Andaltec has already gone through the previous stages in this project successfully. The first step was lignin extraction (a complex biopolymer present in ligneous vegetable matter) from the very abundant Spanish agricultural waste, such as fodder, river reeds or rice shells. “The obtained lignin has been depolymerized in order to produce monolignols (the monomeric units preceding lignin), which will be added as additives to biodegradable plastic materials such as PLA (polylactic acid), which is provided by another institution participating in the Cervera Agromatter consortium. This process will allow for the production of new bio-based materials counting with special properties”, states María Ángeles Fontecha, technical researcher in Andaltec’s Lab area.
At a later stage, technicians from Andaltec conducted testing processes in which they mixed PLA with varying percentages of agricultural waste in order to obtain masterbatch (a homogeneous chipping mixture). Furthermore, technicians from Andaltec Lab have conducted reactive extrusion tests with the same PLA material, using different lignin percentages. They also carried out infusion tests with biodegradable resin atop a non-tissue matrix. “All the participating institutions in the Cervera Agromatter consortium are achieving very good results, which will lead to propose solutions based on the Circular Economy aimed at building greenhouses, producing construction materials, packaging, textile products or more sustainable automotive parts”, as Fontecha explains.
The “Cervera Agromatter cluster” project intends to valorise agricultural waste, which is very abundant in Spain, by developing high added-value biomaterials within the Circular Economy framework. The inclusion in this Agromatter project is very significant for Andaltec, since it enables the Martos-based institution to achieve the status of Technological Centre of Excellence.

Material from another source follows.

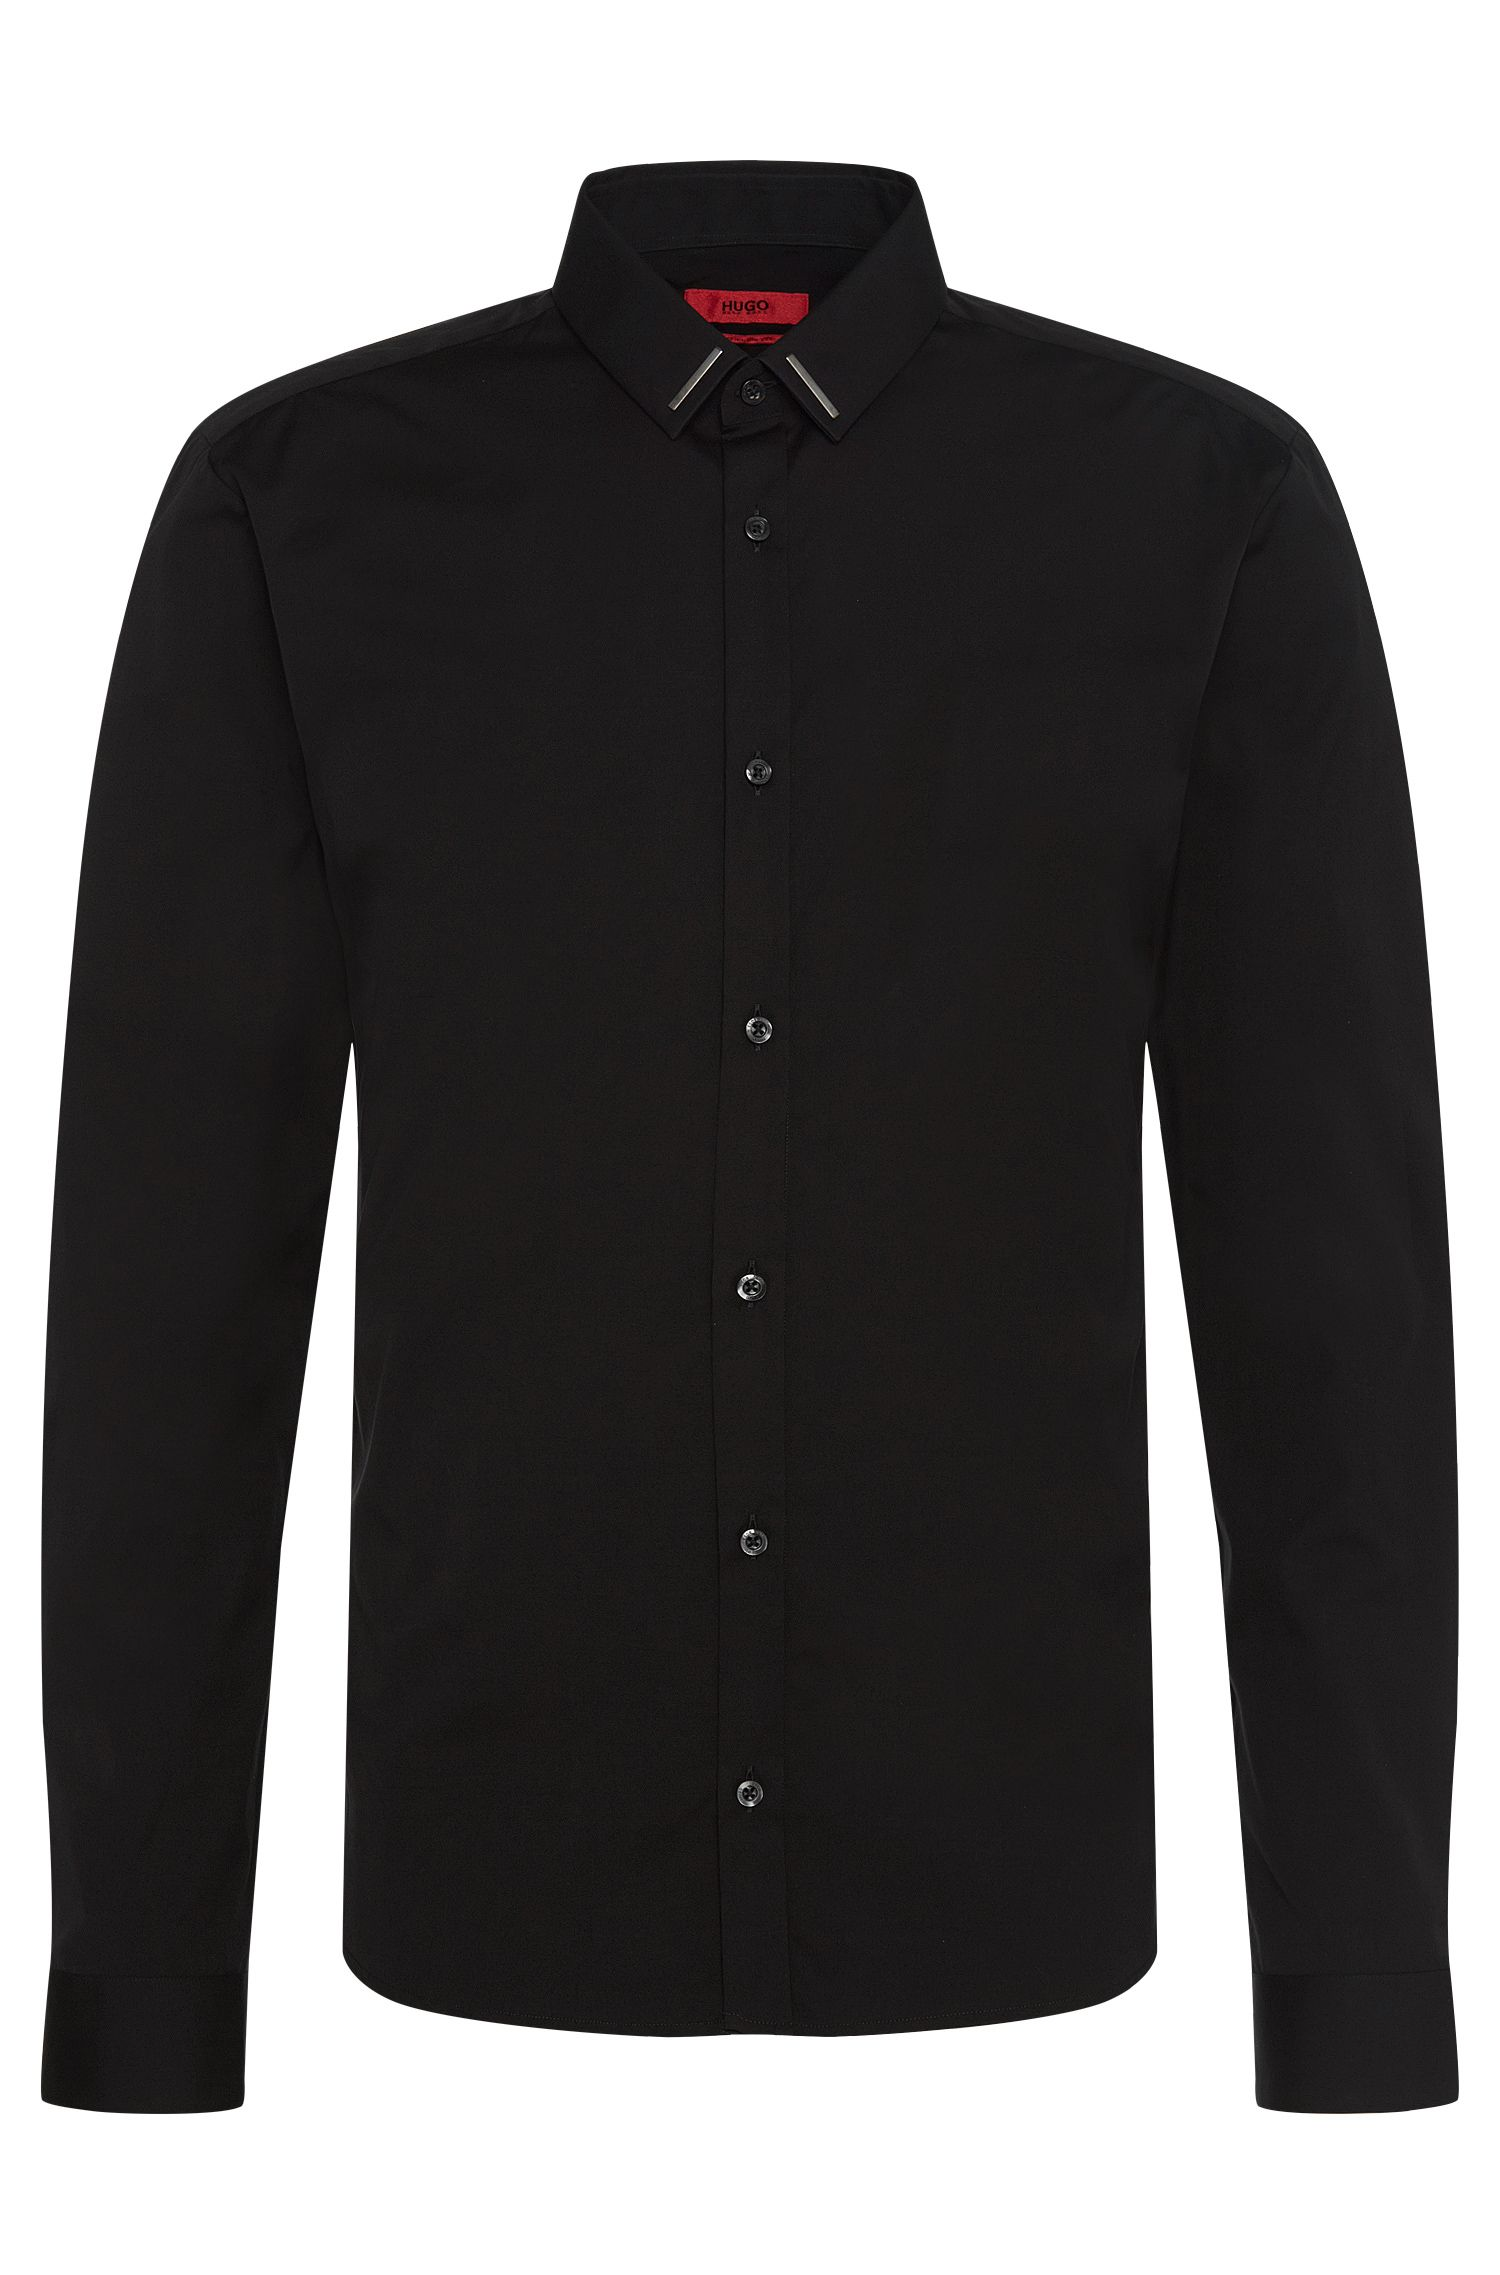 'Ero'   Slim Fit, Stretch Cotton Button Down Shirt

This new consideration gives Andaltec access to the most important R&D funding programme for technological centres in Spain.
This project is funded by the Spanish Centre for Industrial Technological Development (CDTI), part of the Ministry for Science and Innovation, in the framework of the grant scheme for Technological Centres of Excellence “Cervera” CER-20211013. Cervera cluster is made up by the Association for Research in the Textile Industry (Aitex), the Technological Centre for Plastics (Andaltec), the Business Association “National Technological Centre for Agrofood” in Extremadura (CTAEX), the Business Research Association “Technological Centre for Canned Food” (CTNC) and the Technological Institute of Packaging, Transport and Logistics (Itene).